Она молчала, уткнувшись лицом ему в грудь.
– Ну что же ты? – допытывался Крутов. Теперь, когда самое главное и трудное сказано, ему хотелось говорить, говорить и слышать ее ответные слова. Ведь это не игра, когда один говорит другому «люблю». От того, насколько серьезно к этому отнесутся, зависит вся дальнейшая жизнь людей, вступающих в добровольный союз. Любят друг друга, и жизнь у них становится целеустремленной, содержательной, – такой, что и окружающим становится от этого теплее. – То, что я сказал, это всерьез, навсегда.

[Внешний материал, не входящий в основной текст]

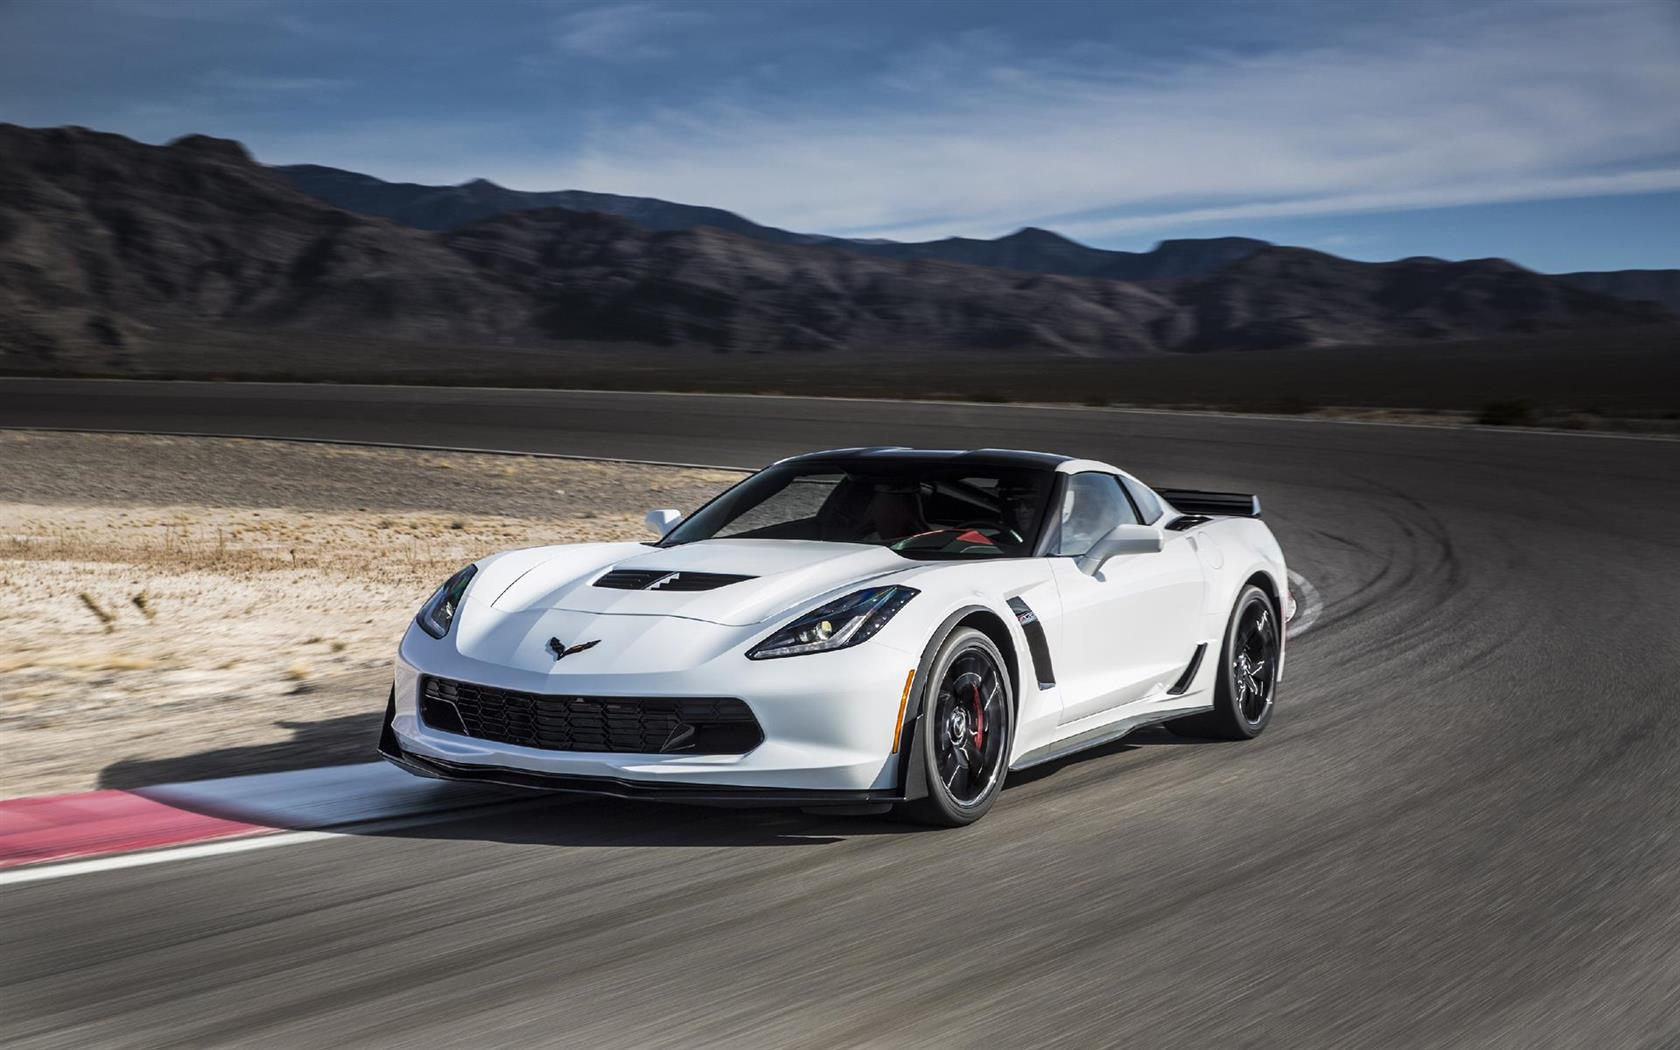 Why Buy a Chevrolet Corvette Z06? - Exotic Car List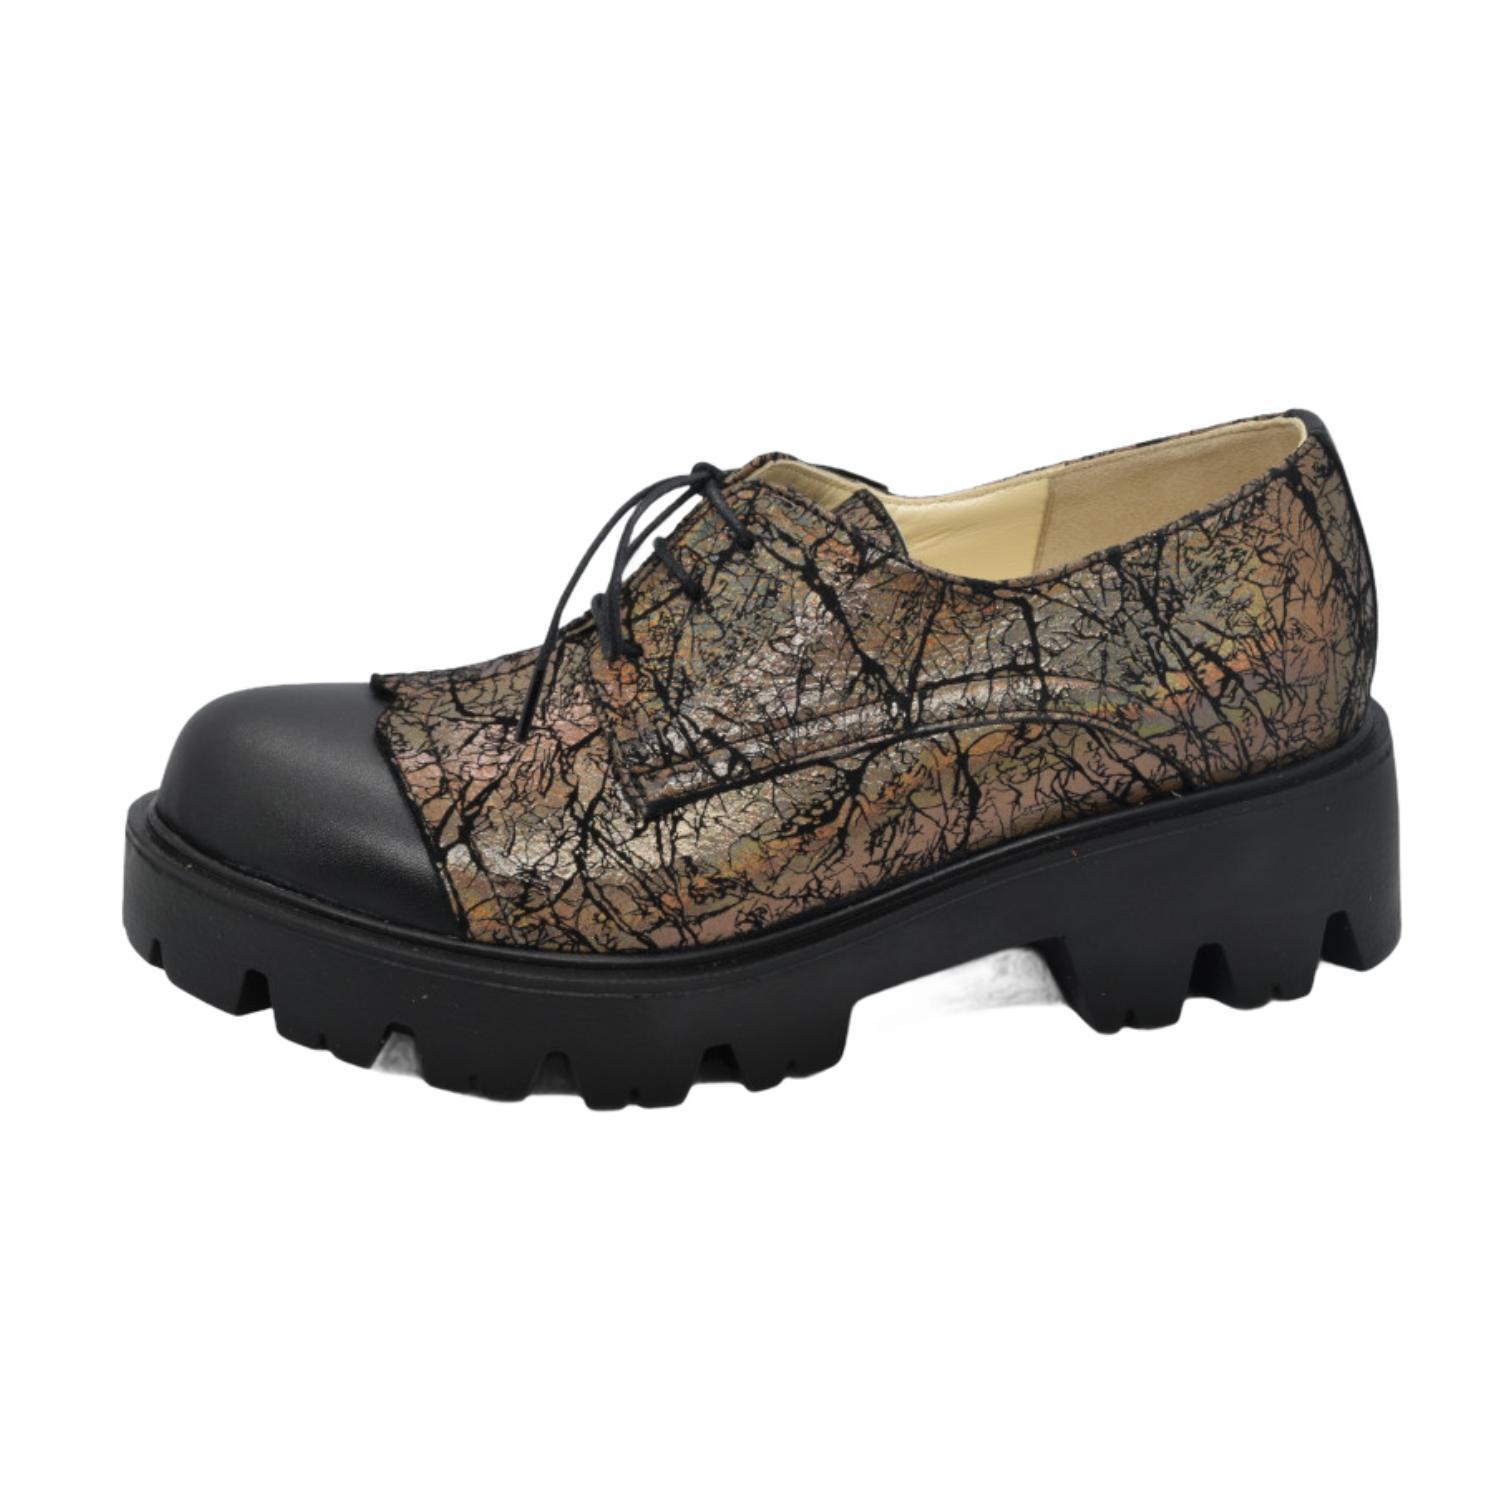 Pantofi negri combinati cu piele aramie

Ты меня поняла, Иринка?
– Ну что – «Иринка, Иринка»? Что?..
– Скажи, а ты меня, вот такого, в серой шинели, с этими обмотками?.. Еще год – и я сброшу их навсегда. Ты мне веришь, станешь ждать?..
– Ах, я ничего-ничегошеньки не знаю. Папка говорит, что я совсем-совсем еще глупая девчонка. Наверное, это так и есть… – Она стиснула ему руку. – И потом он еще говорит, что, наверное, будет война…
– Что ты! О какой войне может быть речь? С Германией у нас договор, Англии не до нас…
– Молчи. Я все равно ничего в этом не понимаю. У нас в школе недавно был лектор, он говорил то же самое, а папка этому не верит, и я не знаю, кого слушать. – Она вздохнула: – Наверное, очень плохо, когда не имеешь своего мнения? Да?
– Чтобы иметь свое мнение, надо много знать. А что мы знаем?.. Но какое это имеет для нас значение? Ты скажи…
– Погоди, – она схватила его за руку. – Ты слышишь, как поет счастье?
Крутов глянул в ее лицо. Оно было серьезно, только глаза сияли, и по щекам пролегли мокрые дорожки к уголкам губ. Он понял значение этих скупых слез, сердце его дрогнуло: какого еще другого ответа он от нее добивается? Зачем слова? Почему мы так много говорим, когда молчание порой куда красноречивее? Он прислушался, и ему показалось, что и в самом деле вместо хаоса звуков, властвующих над миром, вокруг звучит какая-то стройная мелодия. Или это только для них? Нет. Прислушайся. Нежная, еле уловимая, она доносится, как комариный писк за тонкой бязью палатки, как звонкая, но робкая весенняя капель под снегом, еще укрывающим землю, как лесная чуткая тишина, вызывающая звон в ушах, похожий на перекличку птиц.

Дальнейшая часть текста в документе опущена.